After Quintela left, it occurred to me that Sandi might have told her mother about being raped even if her father had instructed her not to. At the very least, Susana would have sensed a change in her daughter’s behaviour and probably forced a confession out of her. In that case, she might have disagreed with her husband about how to handle the problem. She’d have been aware that her husband had denied Sandi the help and compassion she deserved. She might have been in favour of informing the police and been overruled by Pedro. Very possibly there’d have been a violent quarrel. All of which would explain why she’d implied to me that there had been great cruelty in her house. Did her sense of guilt make her hope that I’d catch on? After all, she’d gone along with her husband’s plan to keep silent about their daughter’s rape.

Everything seemed to be coming together, but I sensed there was something else that no one wanted me to see – something I was missing, and that had to do with the need to make the very worst crimes disappear as if they’d never happened.

Back at my desk, I navigated to the Florence + the Machine website and found the lyrics for the
Lungs
CD. The song ‘Dog Days Are Over’ caught my attention right away because it spoke of a girl whose happiness hit her like a runaway train. It also contained a reference to menacing horses and, near the end of the song, a comparison between happiness and getting shot in the back.

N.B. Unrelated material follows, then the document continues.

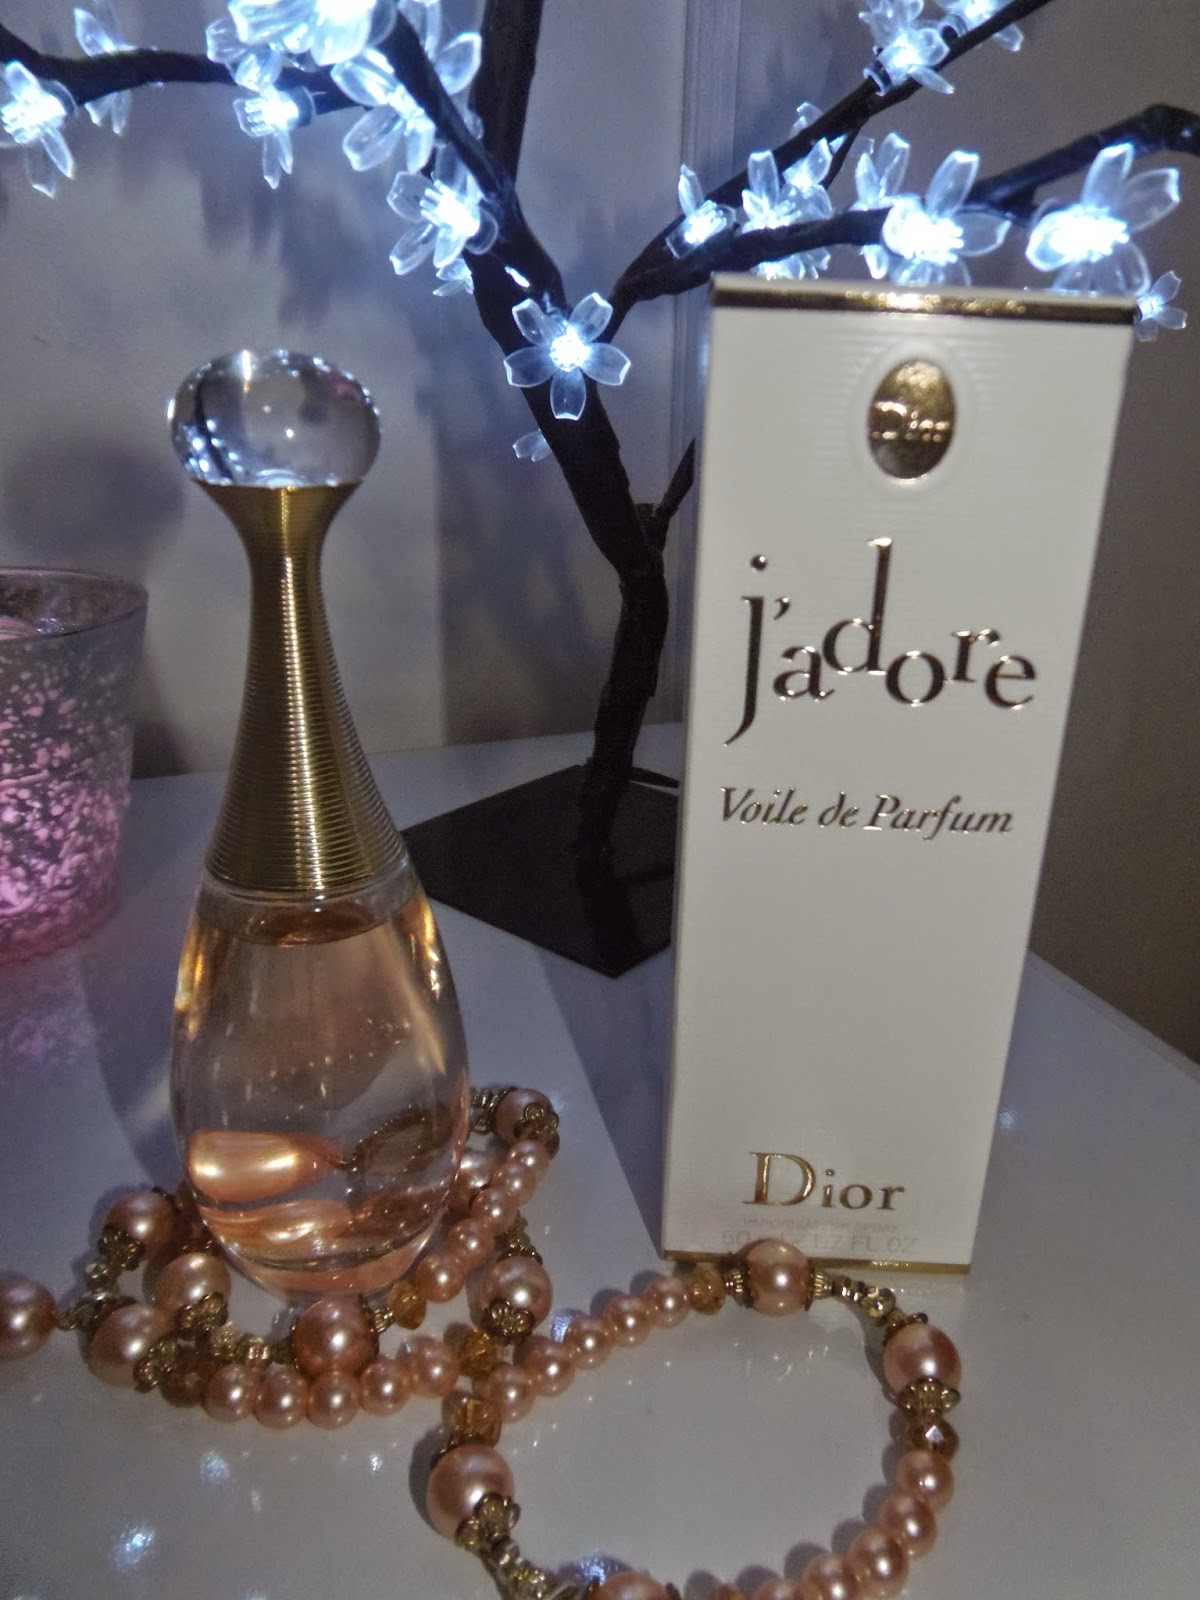 Perfume J'Adore da Dior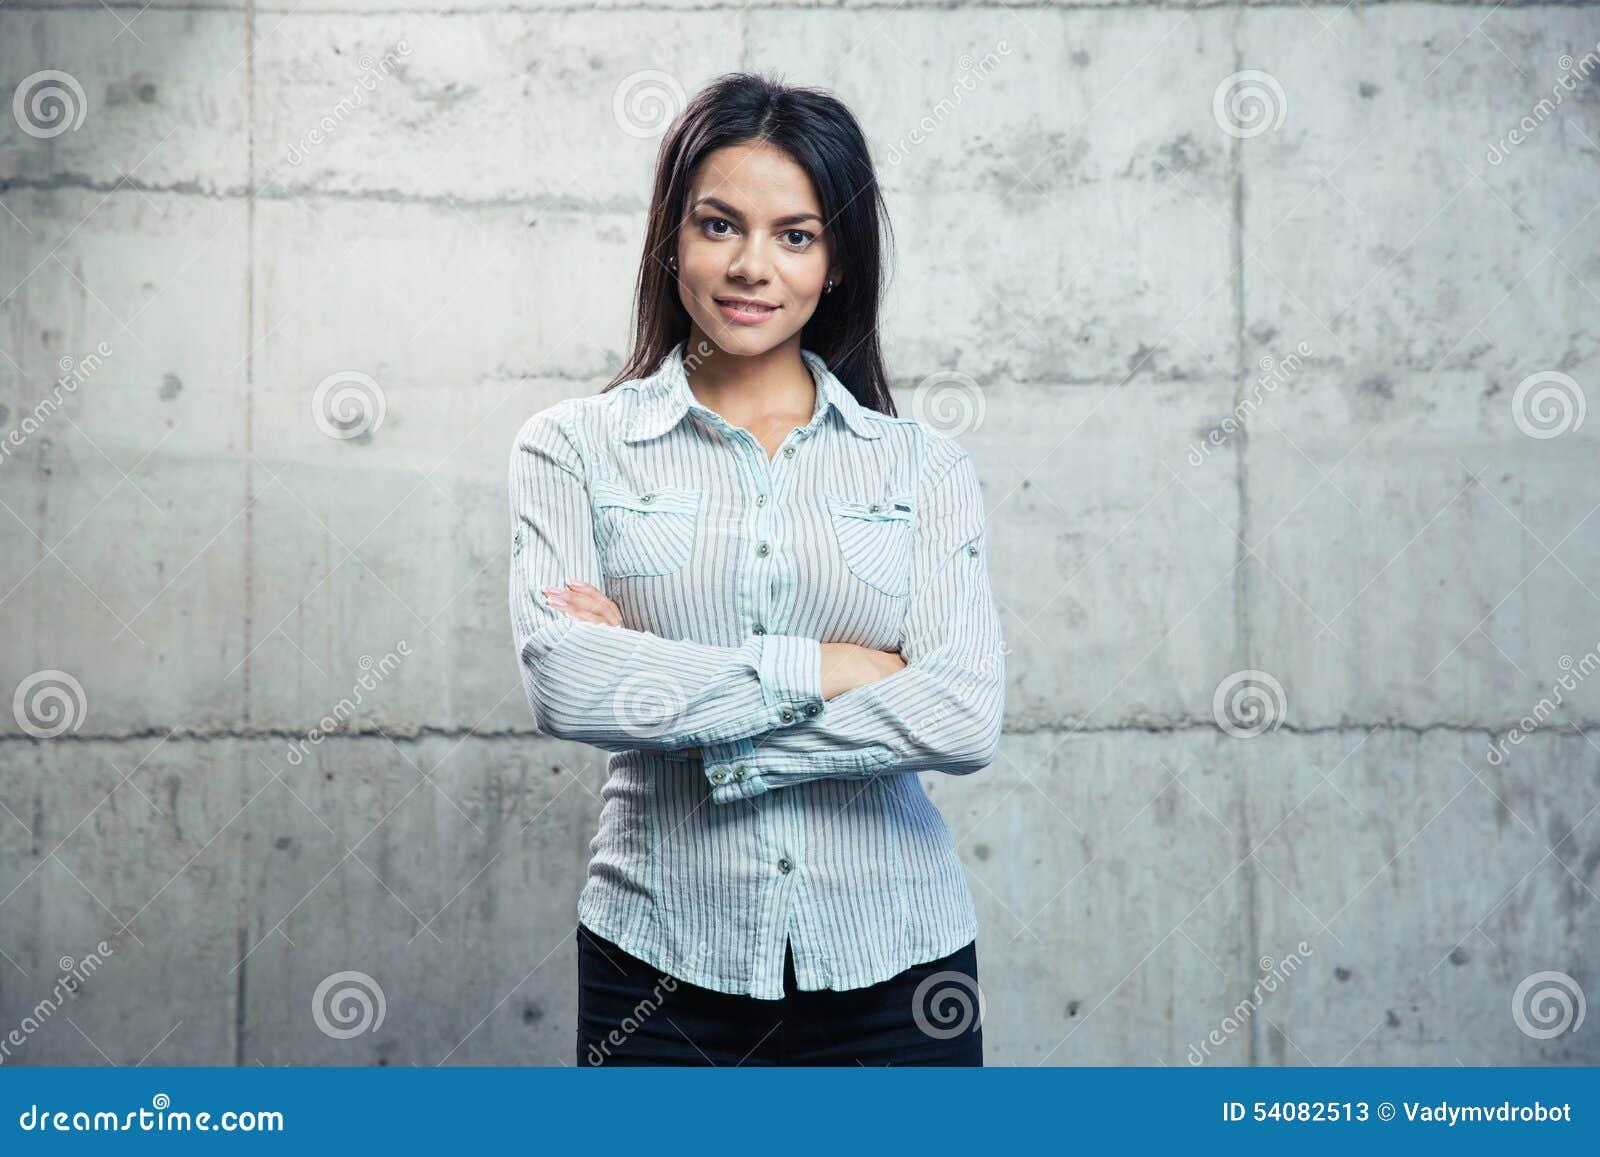 Portret van een glimlachende onderneemster

We often searched for narratives that would help us make sense of our lives, and it seemed clear to me now that this particular song had provided one for Sandi.

I watched the video of ‘Dog Days Are Over’ twice on YouTube. The female singer wore a gauzy white dress, and her face and hands were painted white. Her hair was a frizzy red helmet. Her singing started breathy and soft, and her awkward, sinuous hand movements gave her dancing an unrehearsed, youthful, amateurish feel. A minute or so into the song, however, when syncopated clapping started up in the background, she began to belt out the lyrics as though she’d grown enraged.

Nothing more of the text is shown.